An "Open" Gaming System created by Wizards of the Coast (WotC) to support their line of Role Playing Games after they aquired TSR.

The name itself is slightly misleading if you are expecting West End Games' (WEG) d6 system translated to a d20 (This comes from that fact that the system was announced shortly after WotC aquired the rights to the Star Wars RPG from WEG). While the d6 system works soley on six-sided dice in multiples to produce stats, the d20 system uses the same set of polyhedral dice that Dungeons & Dragons did. The diffrence being that most checks are made using a d20 +/- modifiers. This makes the d20, after character creation, the most used die in the game.

Why Open is in quotes:
Originally the d20 system itself was supposed to be an open gaming system, the rules were to be available so that any game comapny could publish supplements against it. No progress has been made towards this recently, probally because they have yet to publish any standalone d20 products. It also is not turely open since it requires some lincecing agreements which restrict certian aspects of the system, such as character creation.

Current d20 Games:

I have to disagree with the writer of the previous writeup. The d20 system is most certainly open. The restrictions that they place upon it are a lot less harsh than some open source licenses.

The restriction is only on putting the d20 logo in your product. If you wish to use any material that has been released as "Open Gaming Content" then you need not do anything at all. You just may not put the d20 logo anywhere in your product. In addition, you may not put any sort of trademark of Wizards of the Coast in your product, as well. (A company needs to "OK" something that actually uses their trademarked names).

So, feel free to go out and make a game which uses the entire d20 system. But, if you want to call it a "d20 game" you must not break any of the restrictions. These include small things like "Include this license with your game, so that other people may derive from YOUR work" and the one that I have a problem with "Do not cover things such as character generation" (Which is WotC's method of selling the core rulebooks which are the only things that may detail those pieces of game info.)

There have been a lot of new d20 games released recently. A super hero game, a swashbuckling game, a lot of game conversions including an official Call of Cthulhu conversion, and a lot of others. What I find exciting is that they are releasing a lot of modules for D&D that are d20 -- so WotC doesn't even have to approve them.
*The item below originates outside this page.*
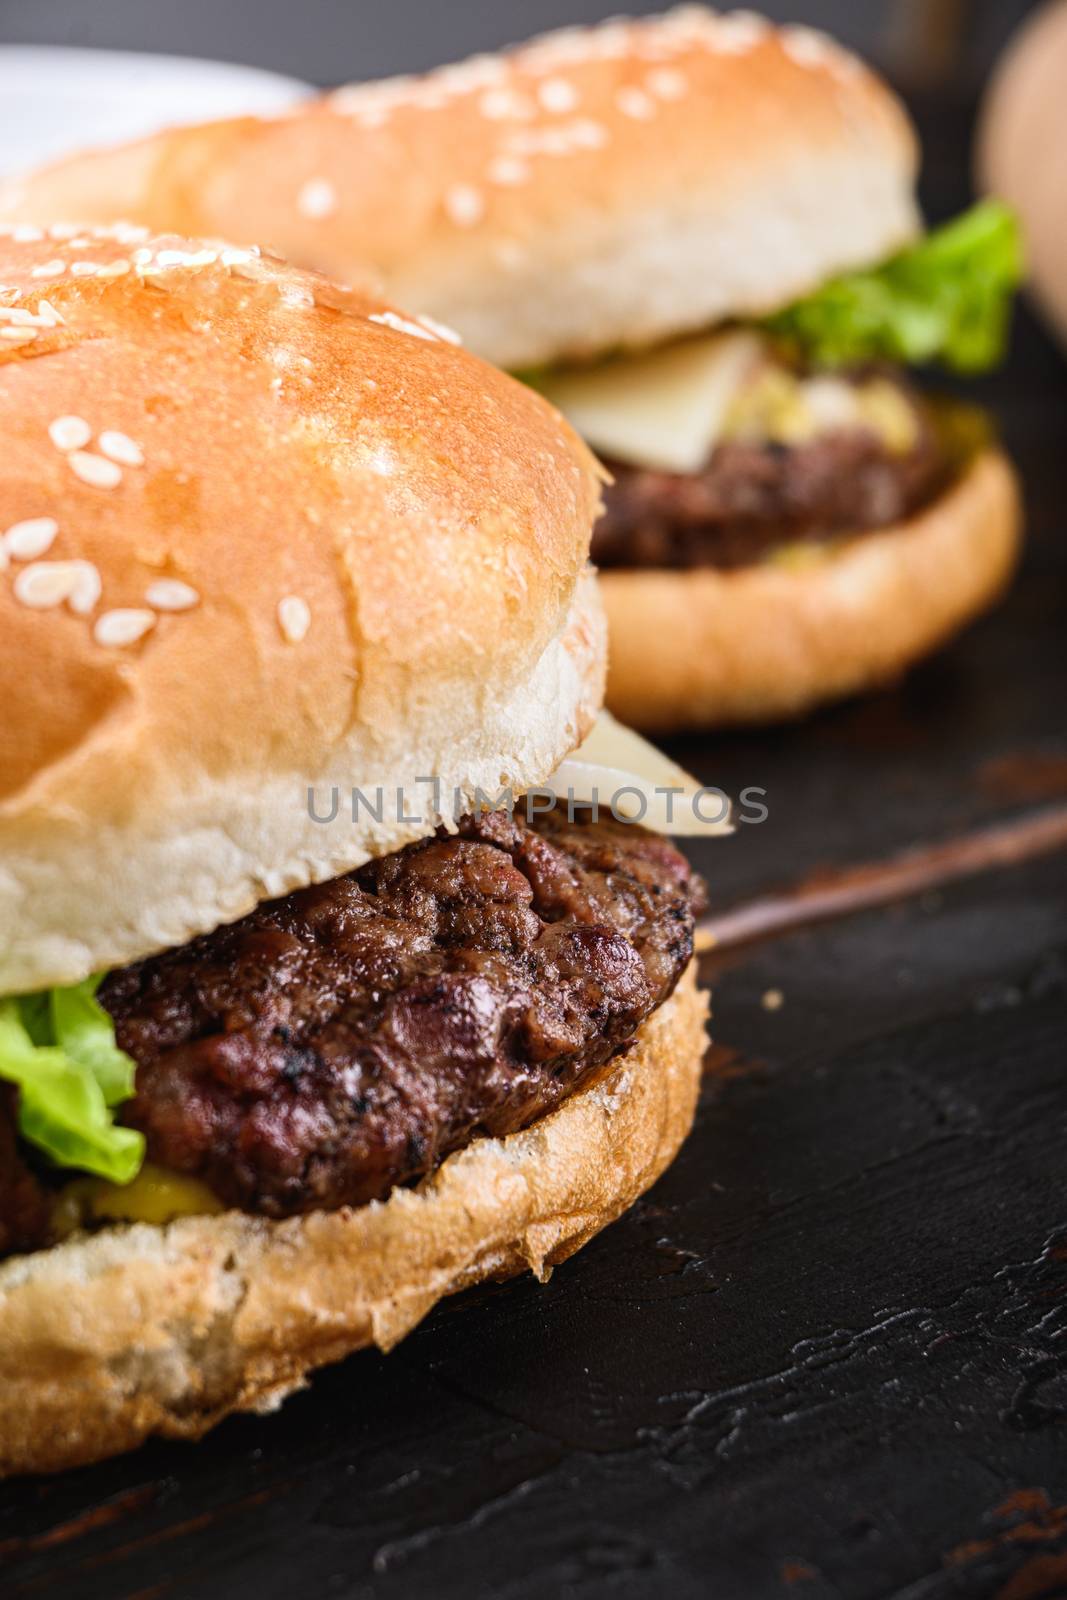 Homemade beef burgers on dark wooden background by Ilianesolenyi

This includes the Adventurer's Keep modules by Alderac Entertainment Group. (Cannot find a better price -- $2.50 for a complete module.)
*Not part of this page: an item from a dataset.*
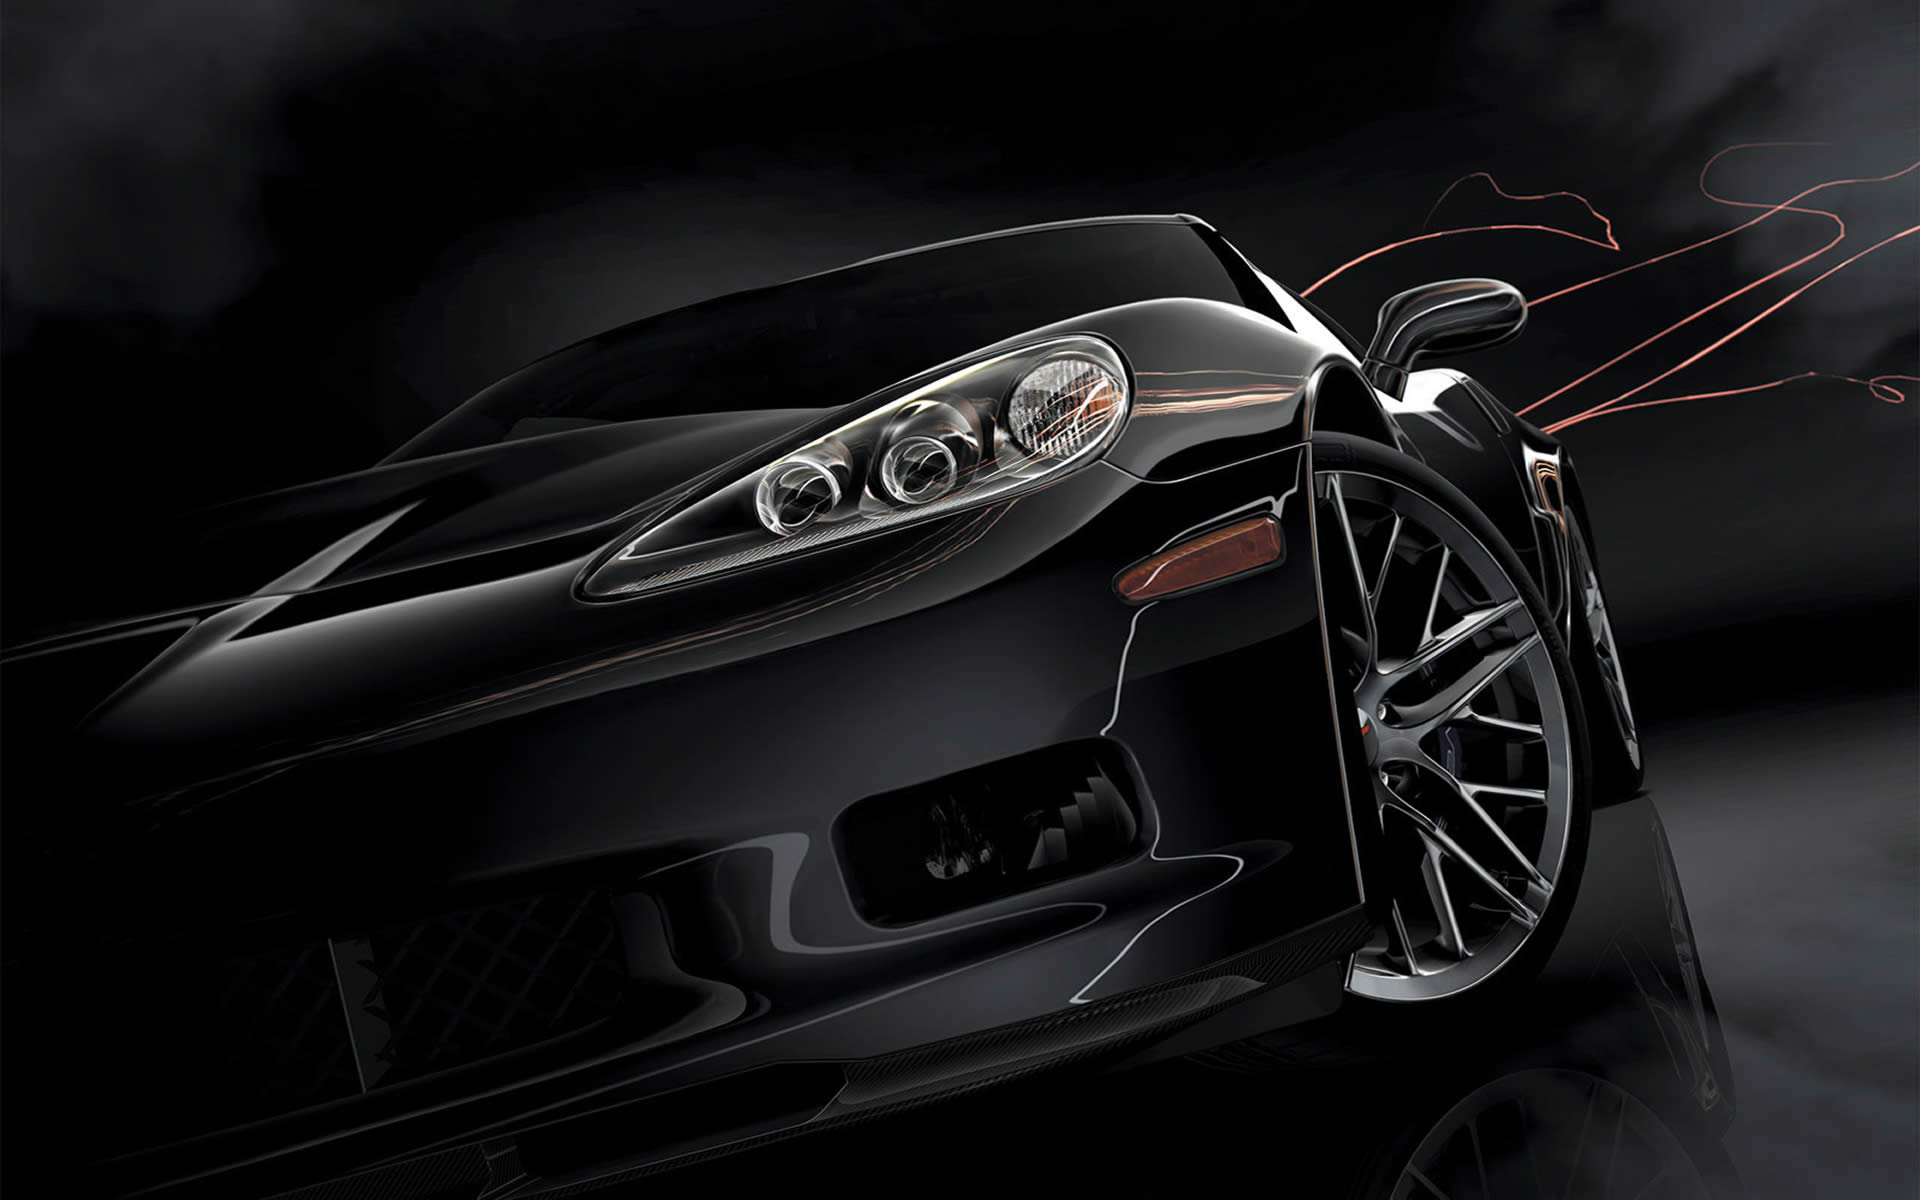 Black Car   Racing Games Wallpaper Image featuring Gran Turismo 5

For more information regarding what the d20 license does and does not cover, please check the "d20 system reference document", better known as "The SRD" ( The open gaming foundation also hosts another game which is COMPLETELY open called "Dominion." (I've glanced at it, and it also looks nice.) Also, wizards has some information about it available at,3 (which may change soon, knowing how often Wizards will change the URL of their webpages.)

The d20 System has several design strengths over earlier gaming systems, which make the game easier to play. They are:

Roll high
Whenever a player is rolling a die to do anything, they always want to roll high. There are no good effects to be gained by rolling low. Ever.
Higher is better
For any ability or statistic that a player has, they always want a high number. Gone are the days of trying to minimize your THAC0 and AC while increasing your hit points.
Positive is good
Notice a trend yet? Anything which modifies a number is good if it is positive, and bad if it is negative.
Use of formulas
Instead of using lookup tables for finding values, almost any value is derivable from a simple (usually linear) formula (the one exception to this seems to be max carry weight).
Precomputability of modifiers
Most modifiers can be easily precomputed, such that a player rolls a die, adds their combined modifier, and checks to see if the roll was high enough to be successful.